Читать книгу Informe Spagnolo - Pedro Jesús Fernández - Страница 16

III

Оглавление

Toda aquella minuciosa investigación conformaba parte de varios capítulos de su novela. Así que, al escribirla, decidió dejar justo aquí, en suspense, el hilo de sus averiguaciones, a pesar de que, seguramente, a cualquier lector o lectora no le iba a hacer nada de gracia experimentar un coitus interruptus, ni siquiera, como este, literario. No digamos ya, del otro. Bastante tendrían algunas o muchas parejas con vivirlo en sus propias carnes en pleno lecho de las respectivas alcobas, dando por sentado que siguiera siendo el escenario coital predominante —que es dar mucho por sentado— en la actualidad.

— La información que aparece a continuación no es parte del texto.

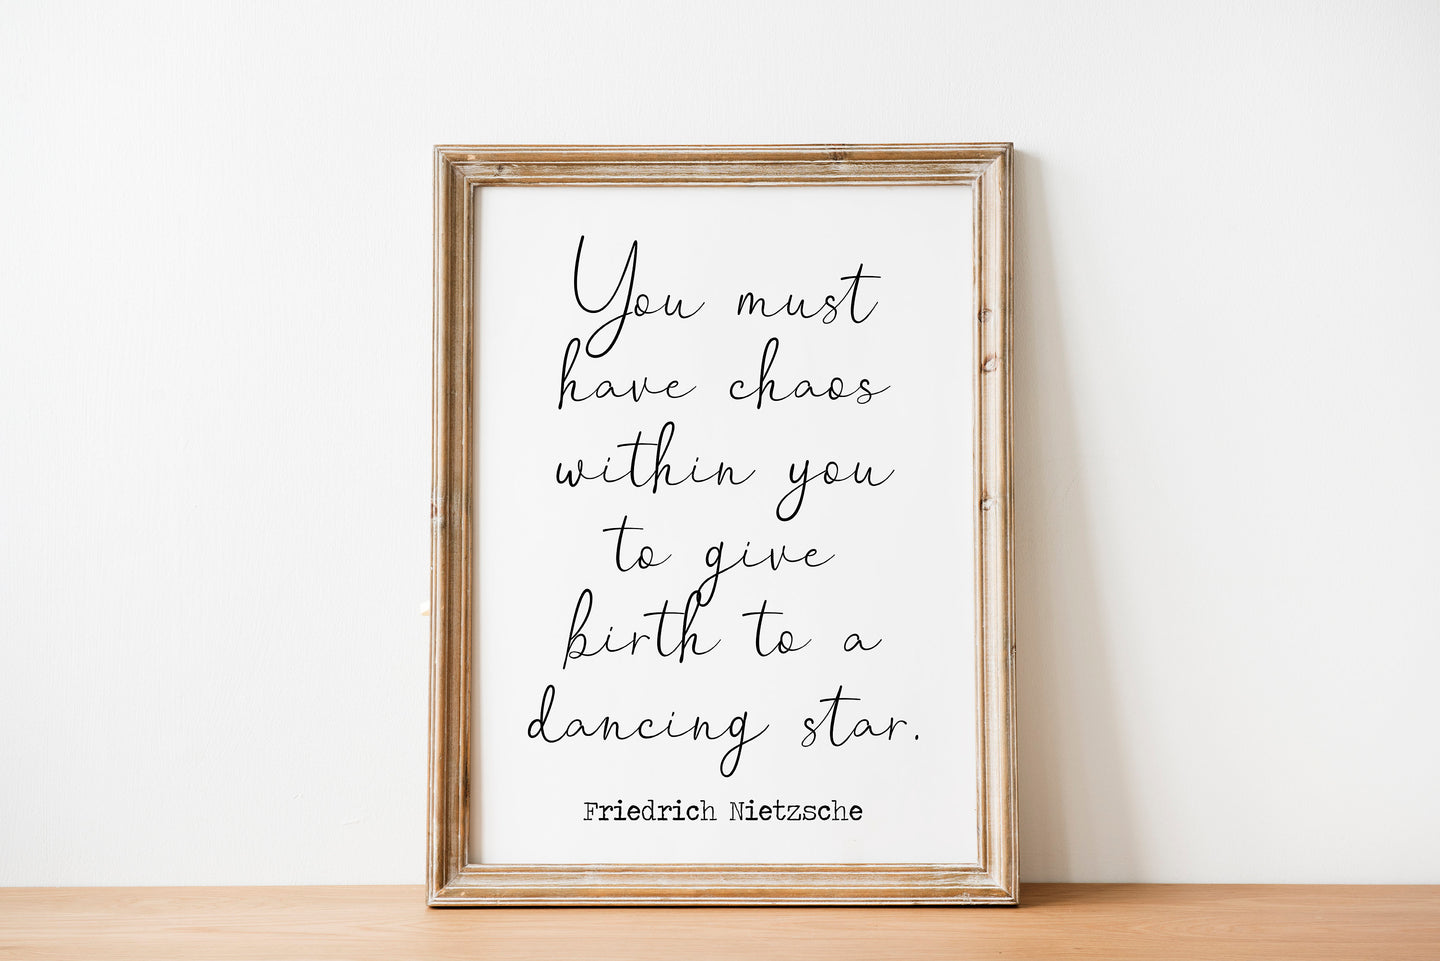 Nietzsche quote - You must have chaos within you to give birth to a dancing star - philosophy print - office decor - unframed print

Acordó consigo mismo no bajarse del burro, como buen Pedro, dejando constancia, eso sí, de que las páginas recobrarían más adelante la interrumpida trama. No había prisa, y, quien la tuviese, acabaría olvidándose de ella al aguardarle múltiples alicientes narrativos como —por ejemplo— los acaecidos cuando él andaba bordeando los catorce. Entonces, a Pedro lo que le encantaba era estrenar los zapatos Gorila, comprados en Almacenes Cubero, que traían de regalo una pelota de goma. Época aquella en la que, a las nueve en punto de la mañana de primeros de agosto, esperaba nervioso para que Fernando, el de los cohetes, lanzase el primer chupinazo anunciando la salida de gigantes y cabezudos con motivo de las fiestas en su jaenero pueblo de Pegalajar. Días en los que se preguntaba repetidamente por qué no había más generalísimos francos a punto de morir para no tener que ir a la escuela.

Noches en las que cerraba los ojos e imaginaba ser Garbancito metido en la barriga del buey. Años en los que su querido rey Gaspar le sorprendía trayéndole siempre el juguete que había pedido. Periodo en el que cometió el gran error de anteponer el resultado al conocimiento. Las misas a las musas. La premura a la paciencia. El fulgor al candor. Aquella tarde en la que, sin pelos en el pecho ni en ninguna otra parte, se le ocurrió una buena idea que, como dijo Einstein, no hacía falta anotar porque «una buena idea nunca se olvida».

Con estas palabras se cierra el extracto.